Atrial septal defects (ASD) are amongst the most common congenital heart defects. A large ASD causes a left to right shunt resulting in right ventricular (RV) dilation from volume overload. About 4% of the patients with ASD develop pulmonary arterial hypertension.¹ Development of pulmonary arterial hypertension (PAH) subjects the RV to additional pressure overload resulting in further dilation, hypertrophy and reduction or reversal of the shunt. In the setting of significant pulmonary vascular disease (PVD), the ASD functions as a “pop-off” mechanism to allow right-to-left shunt in certain circumstances such as increased adrenergic states or pulmonary hypertensive crises. Therefore, closure of ASD in presence of significant untreated PVD can be detrimental.

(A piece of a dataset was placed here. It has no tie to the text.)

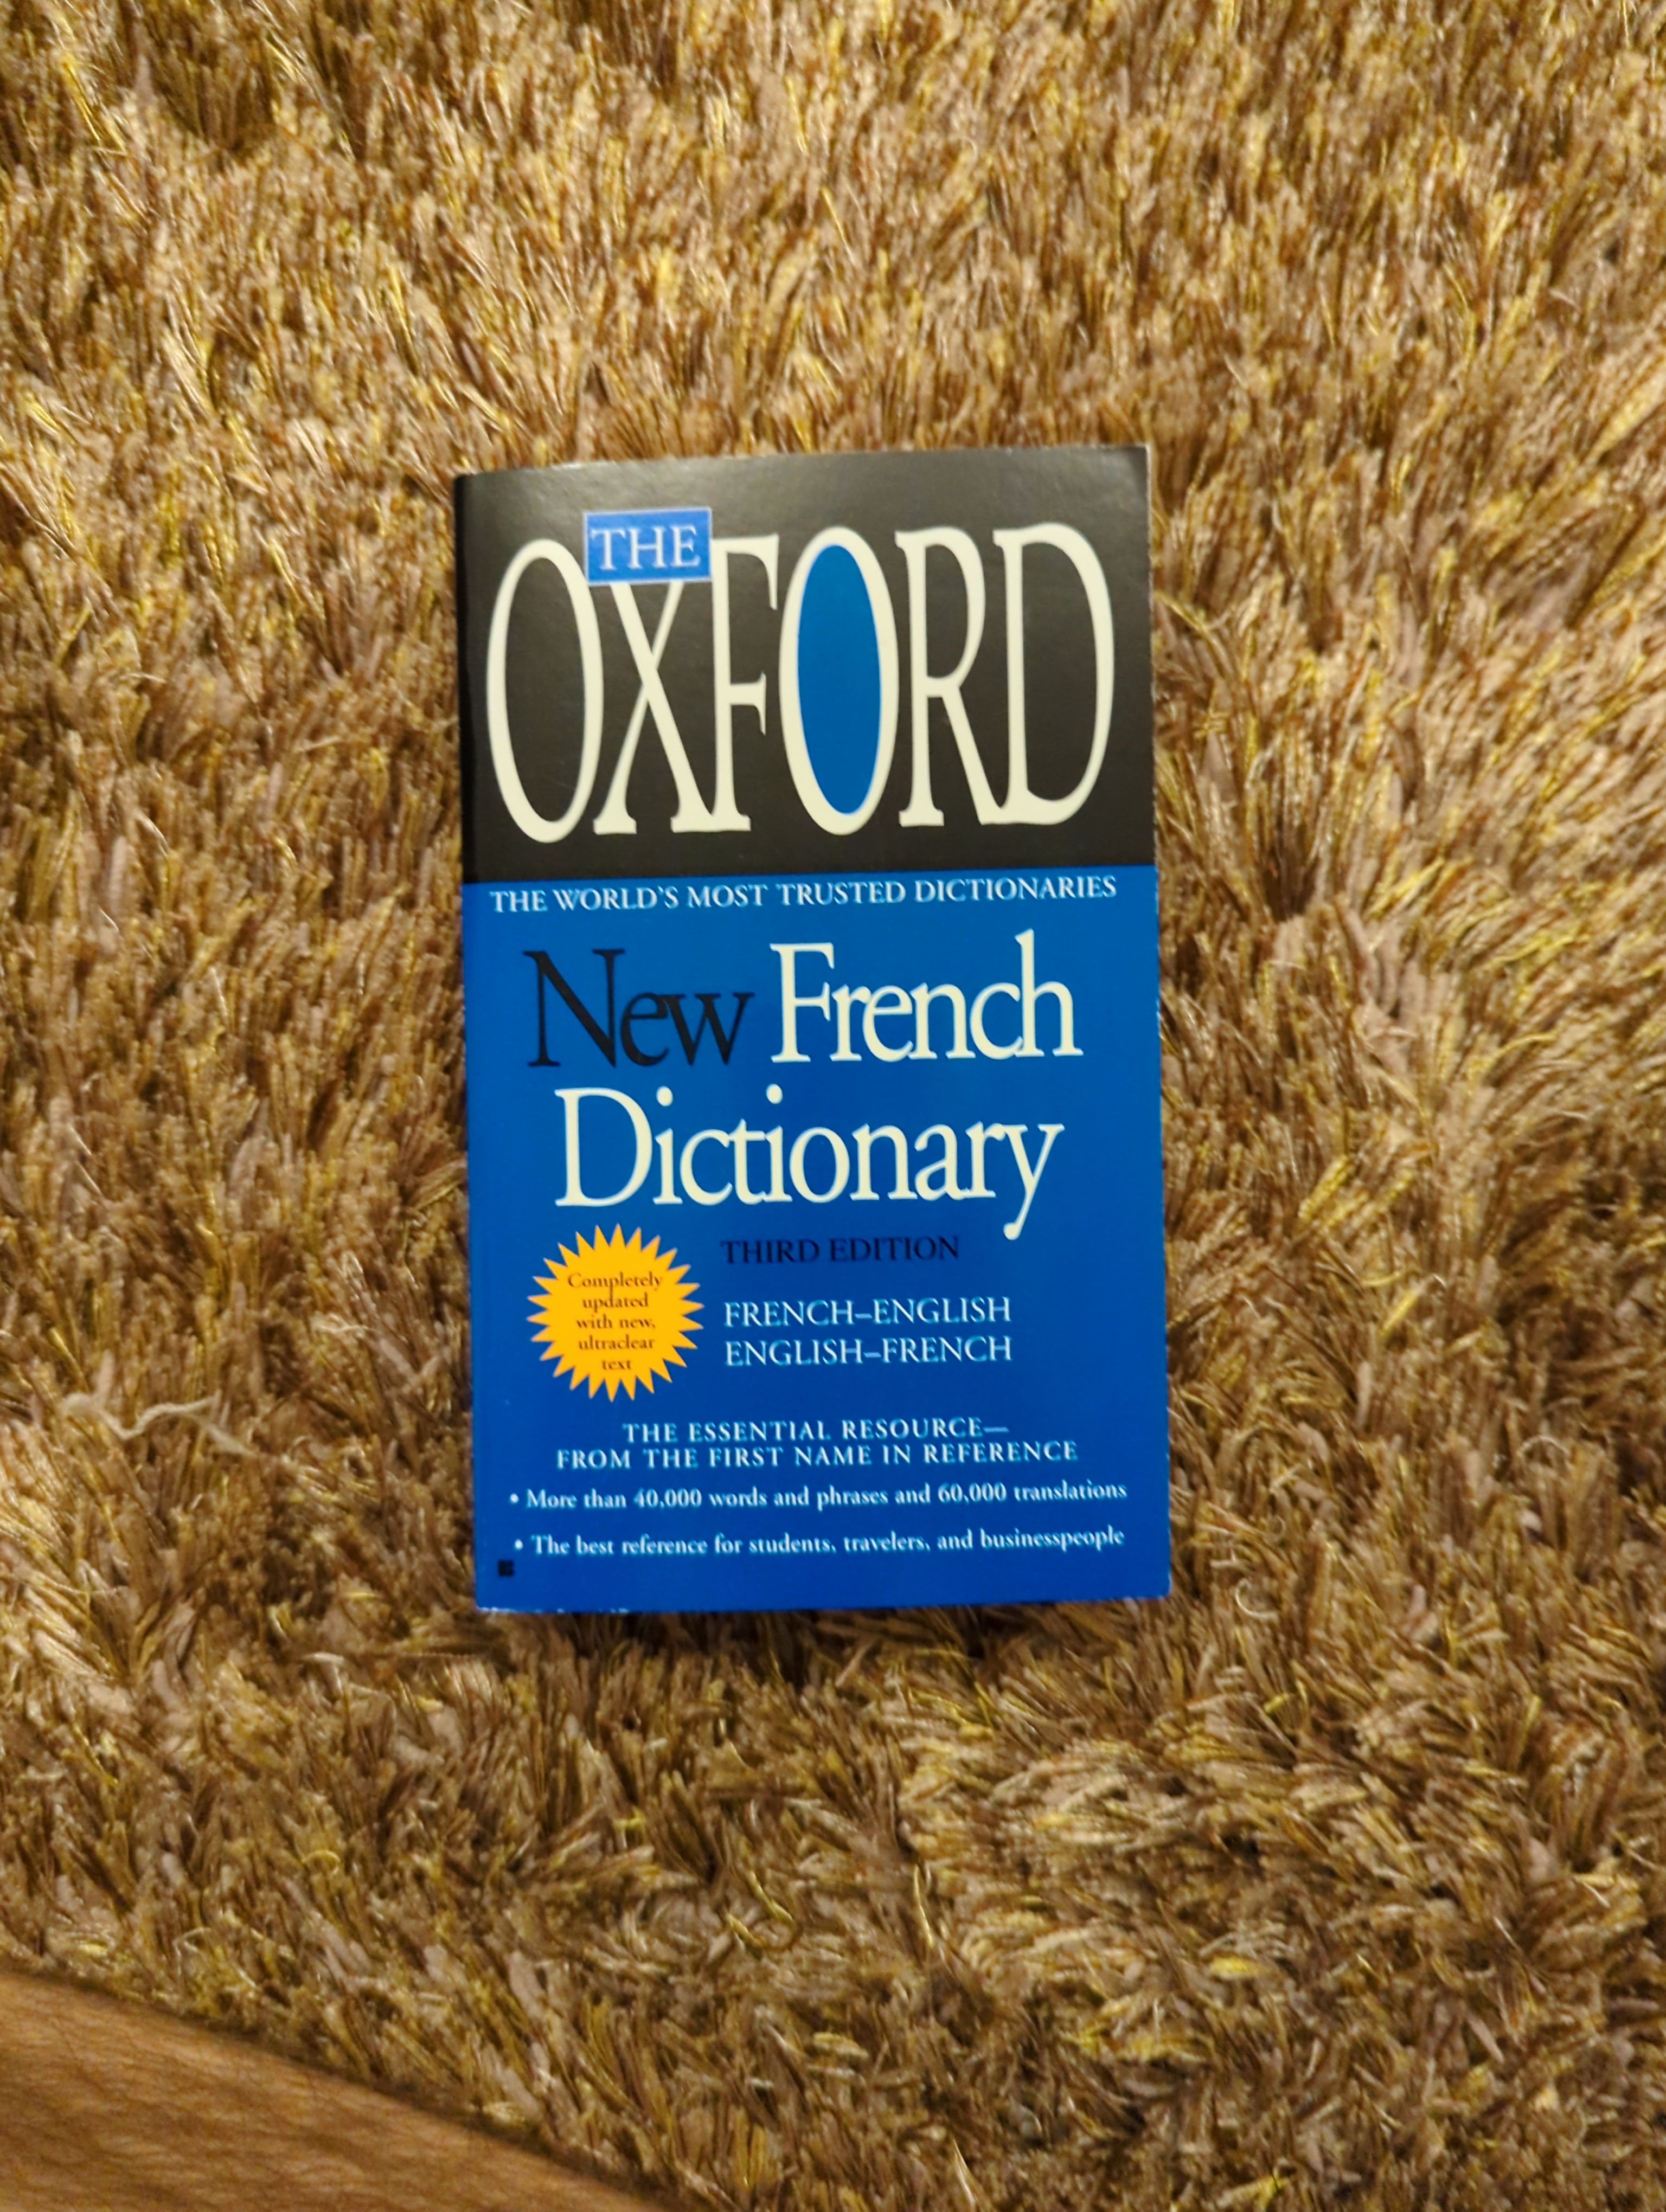 Oxford　Pango　New　Paperback　French　Staff,　Oxford　Press　University　by　Dictionary　The　Books

The medical management of PAH with pulmonary vasodilator therapy leads to improvement in pulmonary vascular resistance (PVR) and reduction in pulmonary artery pressures.  Use of these medications results in improvement in survival, morbidity and quality of life.² The beneficial effects of pulmonary vasodilator have led to a renewed interest in closure of ASD after medical treatment or the so-called “treat and repair” approach. It has been postulated that reduction of PVR from medical treatment of PAH leads to increase in left-to-right and further RV dilation and volume overload. A subsequent closure of ASD with a fenestrated or a non-fenestrated device may lead to reduction or elimination of left to right shunt and lead to more favorable remodeling. Several case series utilizing this approach have been reported.^3-4 However, these case series have several limitations such as variation in PAH medication regimen, time between initiation of medical treatment and closure of ASD, criteria for closure, presence or absence of fenestration in closure device and duration of follow up. Therefore, an optimal management strategy for ASD in setting of PAH is controversial. Specific examples of unanswered questions are:

• What are the clinical and hemodynamic characteristics of patients whose PVD will respond favorably to pulmonary vasodilator medications to enable subsequent ASD closure?
• What is the most effective initial regimen? When and how should the medical therapy be escalated?
• What is a suitable interval for monitoring or repeat cardiac catheterization?
• What hemodynamic parameters on therapy should be considered to make a decision about ASD closure?
• At what time after initiation of pulmonary vasodilator therapy should the patients be deemed not suitable for intervention if their hemodynamic parameters by cardiac catheterization do not improve?
• What closure devices are best: fenestrated or non-fenestrated? If fenestrated, what should be size of fenestration?What are the long-term patency rates?
• What are the short- and medium-term outcomes of patients undergoing treat and repair?
• What are the long-term outcomes? Does the pulmonary vascular disease improve, stabilize or worsen over time after ASD closure? How long do patients require medical therapy after closure?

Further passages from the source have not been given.